James Millon, president and co-head of capital markets for the U.S. and Canada for CBRE, said in a statement that the stabilized financing costs have also been helped by a Five-Year Treasury yield that has settled around 3.5 percent, as well as a pronounced shift by borrowers and lenders alike into floating-rate financings that become popular when interest rates are expected to fall.  

He also emphasized that “high-conviction sectors” such as multifamily and industrial — the latter of which includes data centers — are generating most of the deal flow.  

“Core capital is beginning to return selectively, shaping equity pricing in key markets and building momentum,” said Millon. “This dynamic is fueling transactions and unlocking new opportunities.”

The revitalized lending environment has been powered by a return of commercial banks into real estate capital stacks, as well as a revived commercial mortgage-backed securities (CMBS) market, one that large commercial banks often power. 

Banks have increased their overall lending share from 18 percent of deal flow last year to 31 percent of total deal flow, as bank CRE origination volumes rose a staggering 167 percent year-over-year, according to CBRE. 

CMBS — which was once left for dead as recently as two years ago — saw its lending volumes increase by a factor of five in the last year. Today those securitized originations now claim nearly a 20 percent lending share of U.S. deals, up from 5 percent last year. 

Perhaps it’s no surprise that private credit is still fueling most commercial real estate lending. 

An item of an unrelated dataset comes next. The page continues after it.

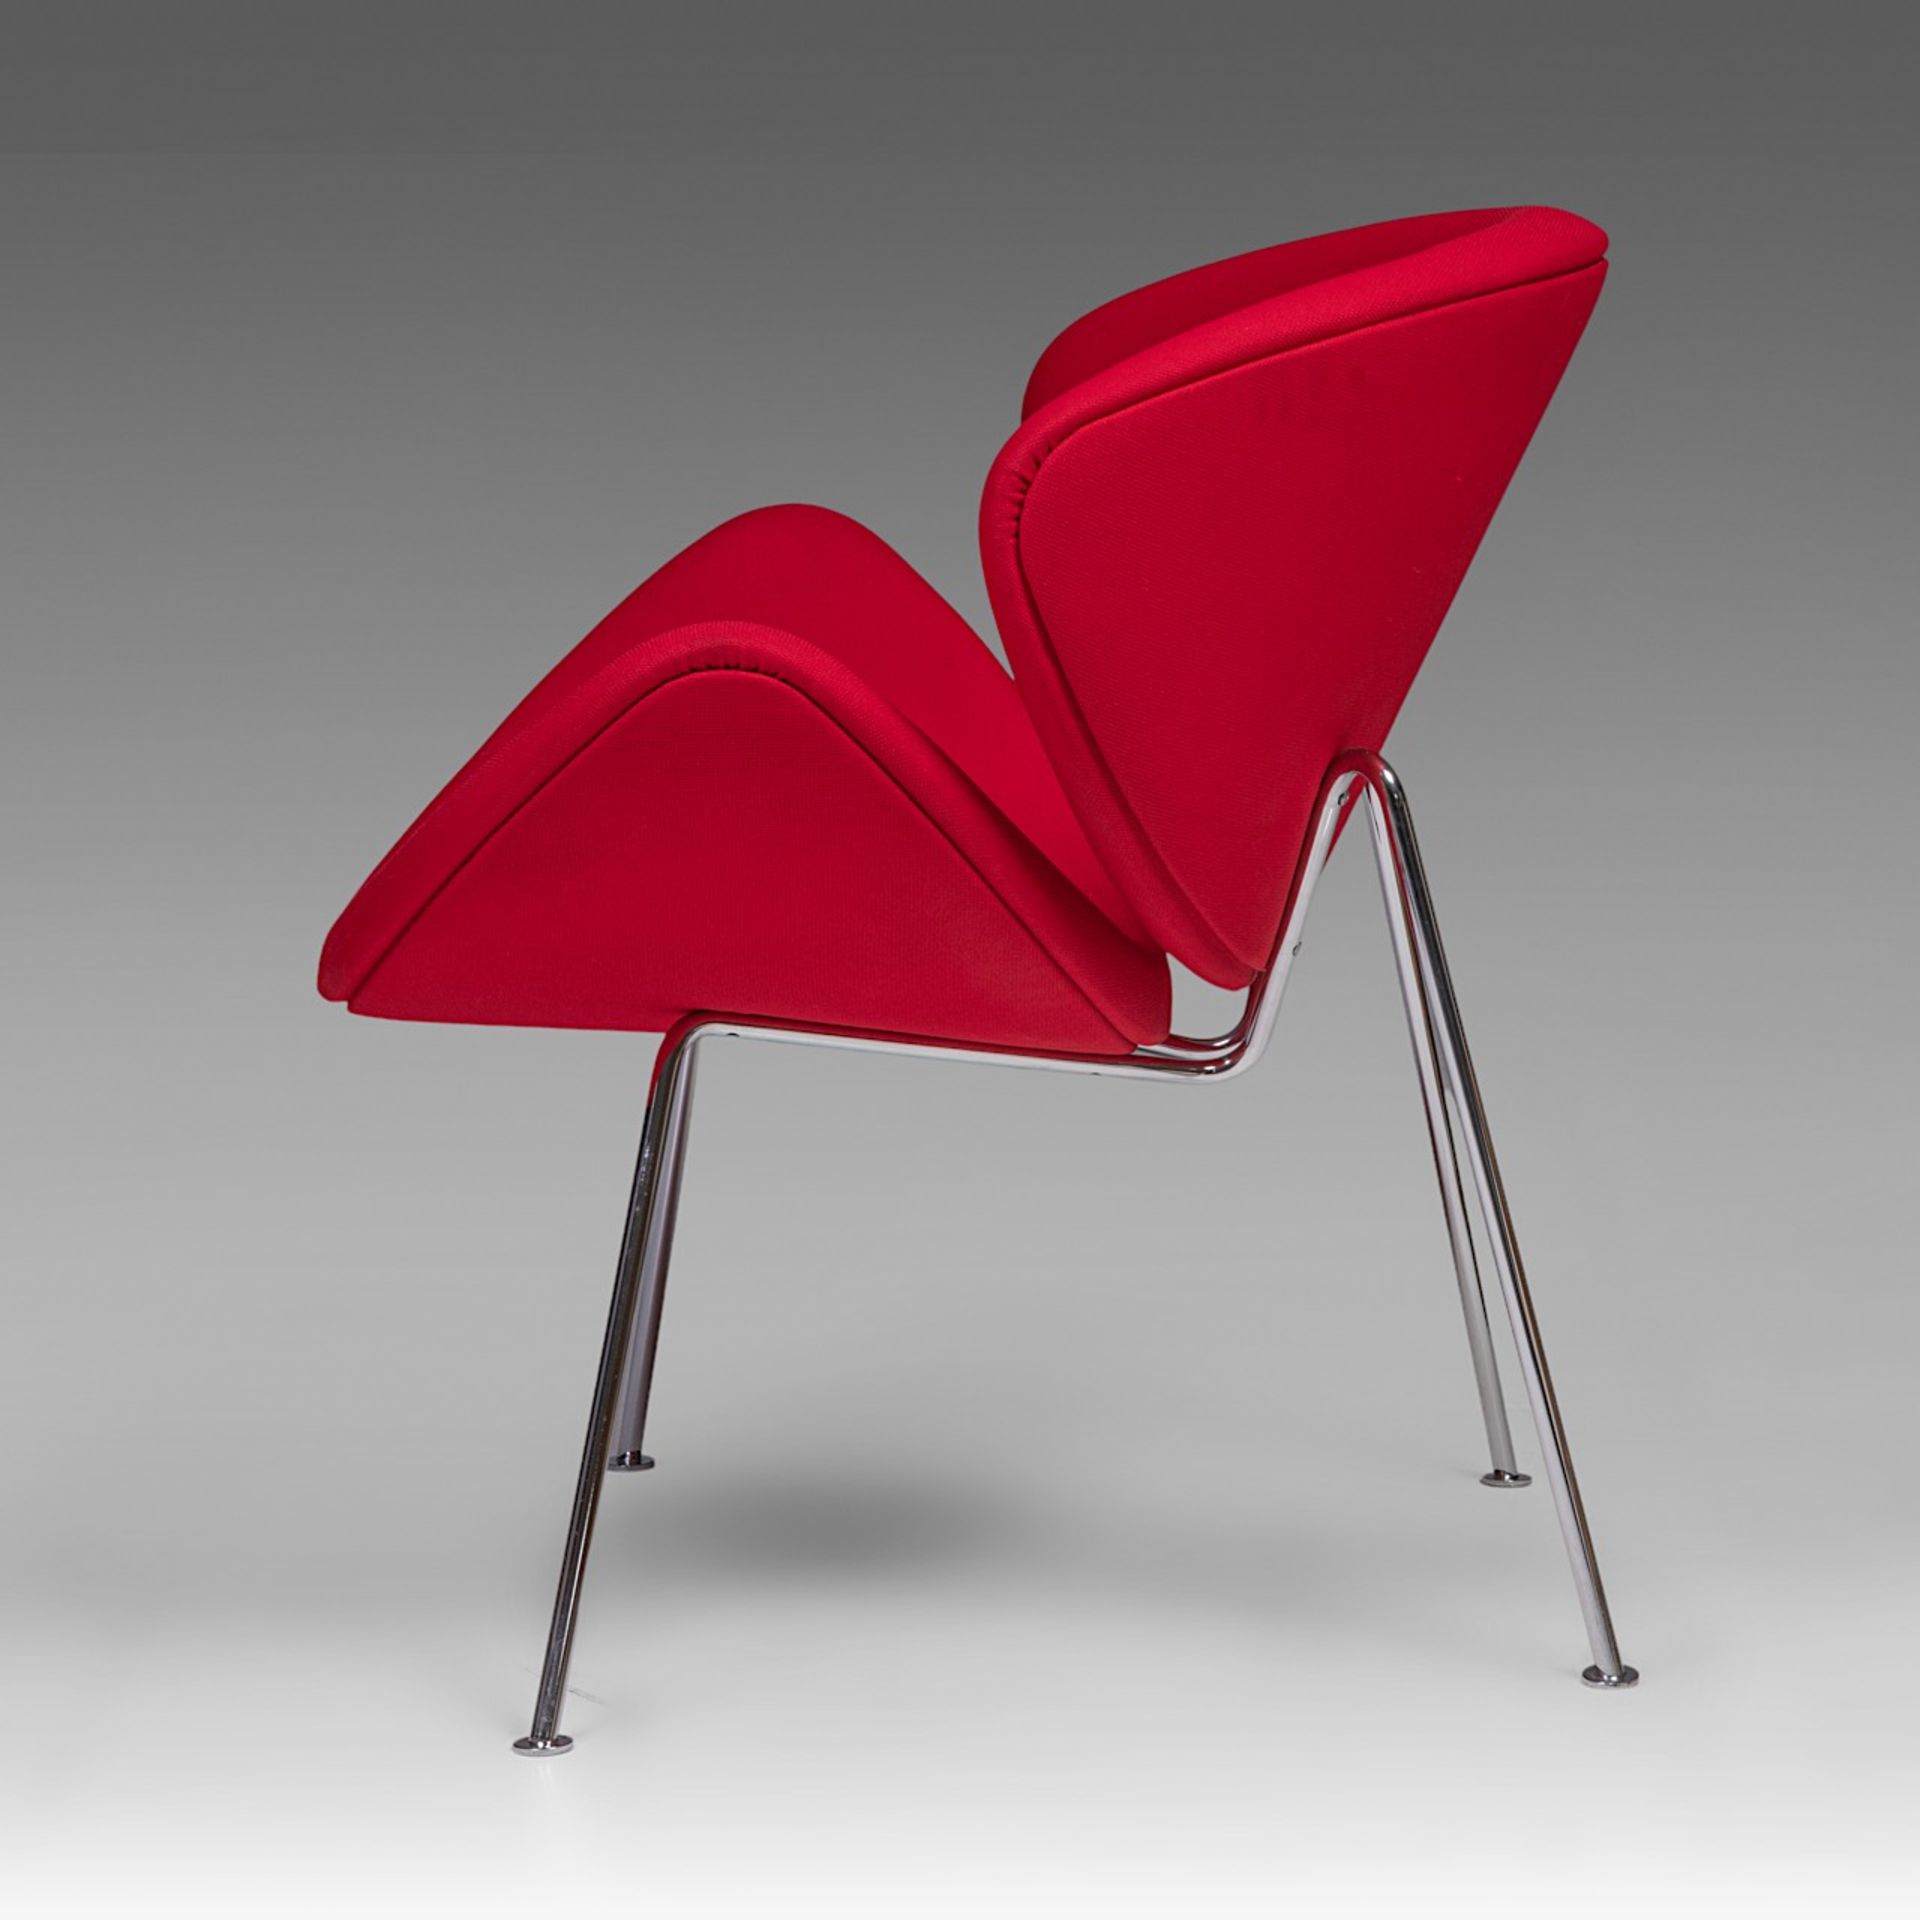 An Orange Slice chair by Pierre Pauline for Artifort, H 85 - W 82 cm - Bild 4 aus 9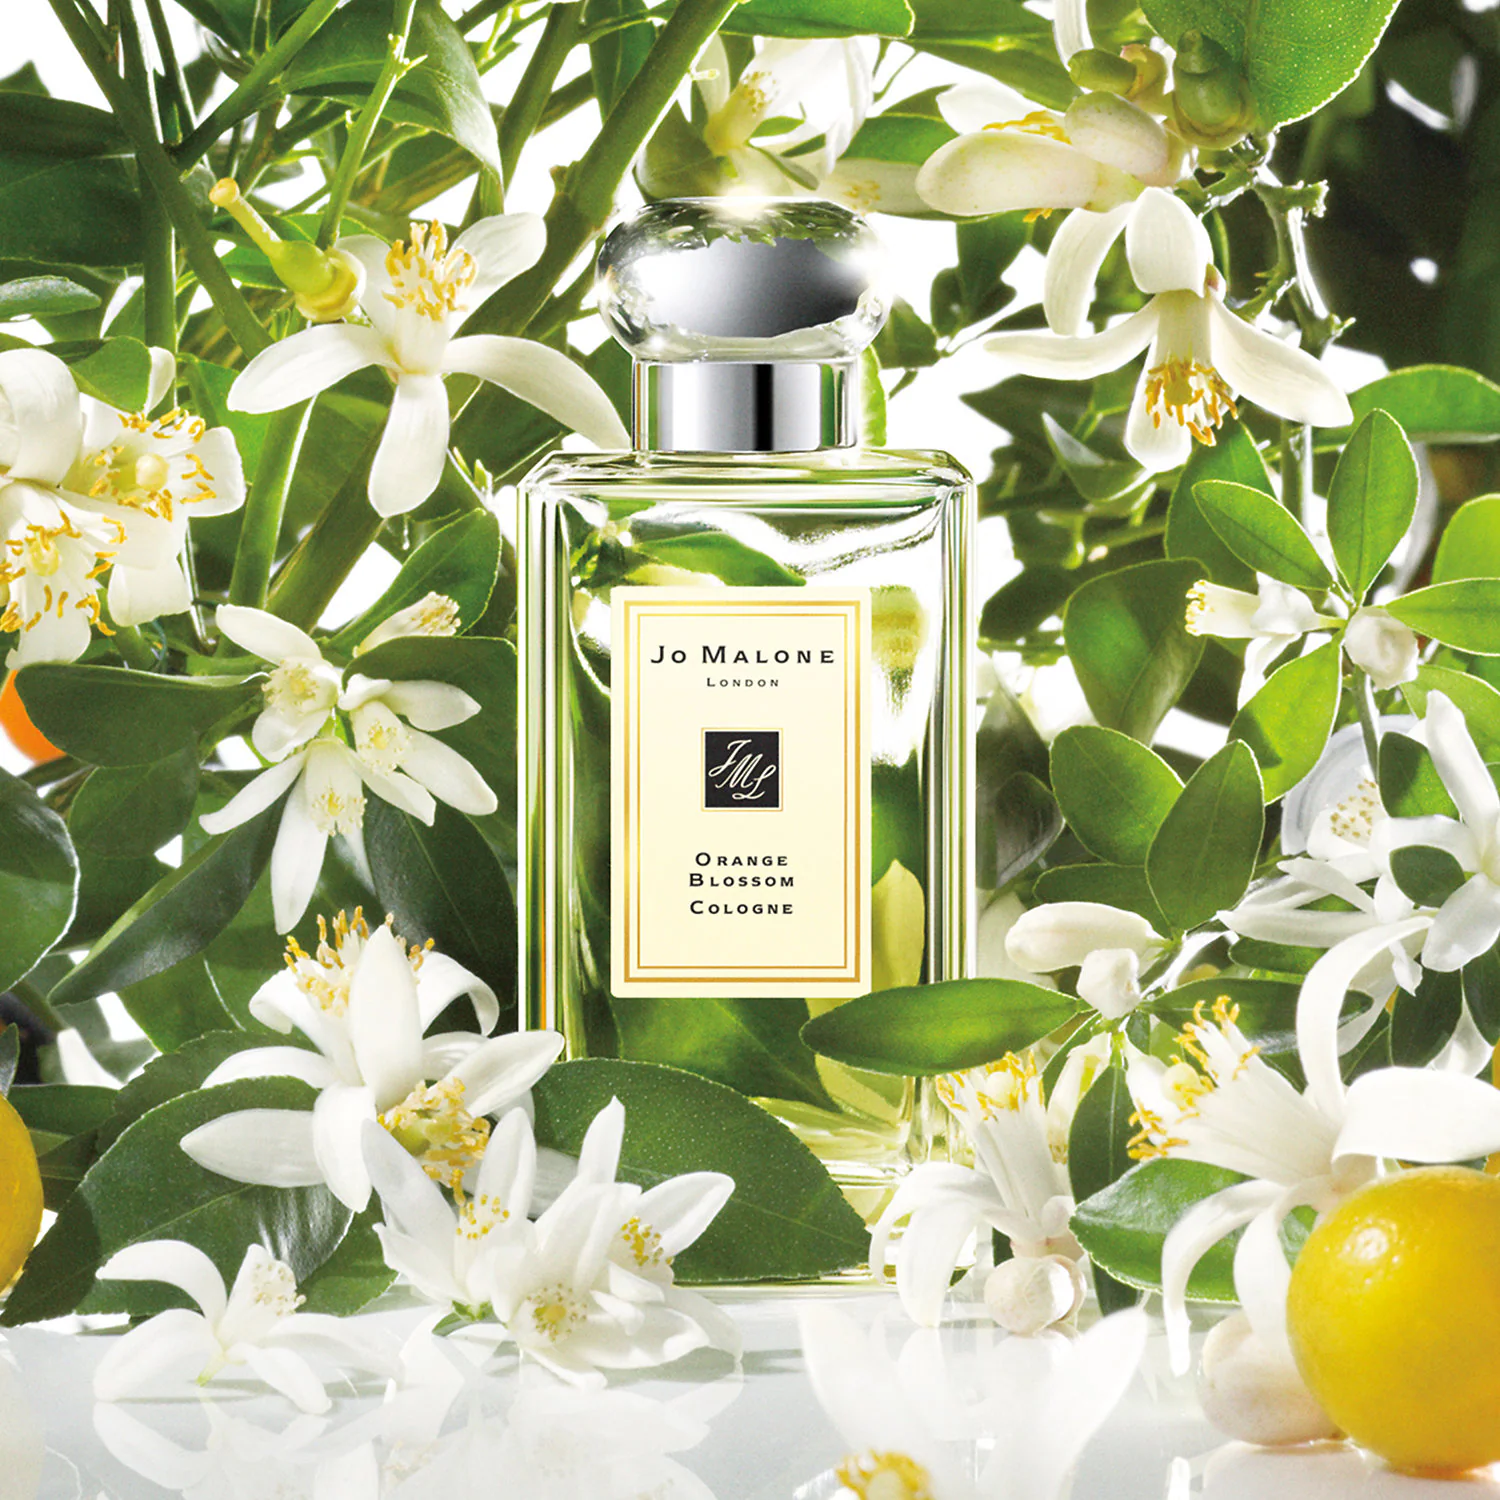 Fragancia Orange Blossom de Jo Malone con acordes de clementina y azahar, recomendada como perfume para boda.

Debt funds and mortgage real estate investment trusts, claimed a 37 percent share of the lending pie through the third quarter of 2025, with debt fund origination volumes increasing by 68 percent compared to the third quarter of 2025, according to CBRE.  

As for the source of capital that has lost market share: That would be life insurance companies. 

Life company non-agency loan volumes declined from 43 percent of U.S. originations last year to only 16 percent in the third quarter. 

“Construction activity also remains robust, especially for build-to-core multifamily and large-scale data centers,” said Millon. “We expect current momentum to carry into 2026.”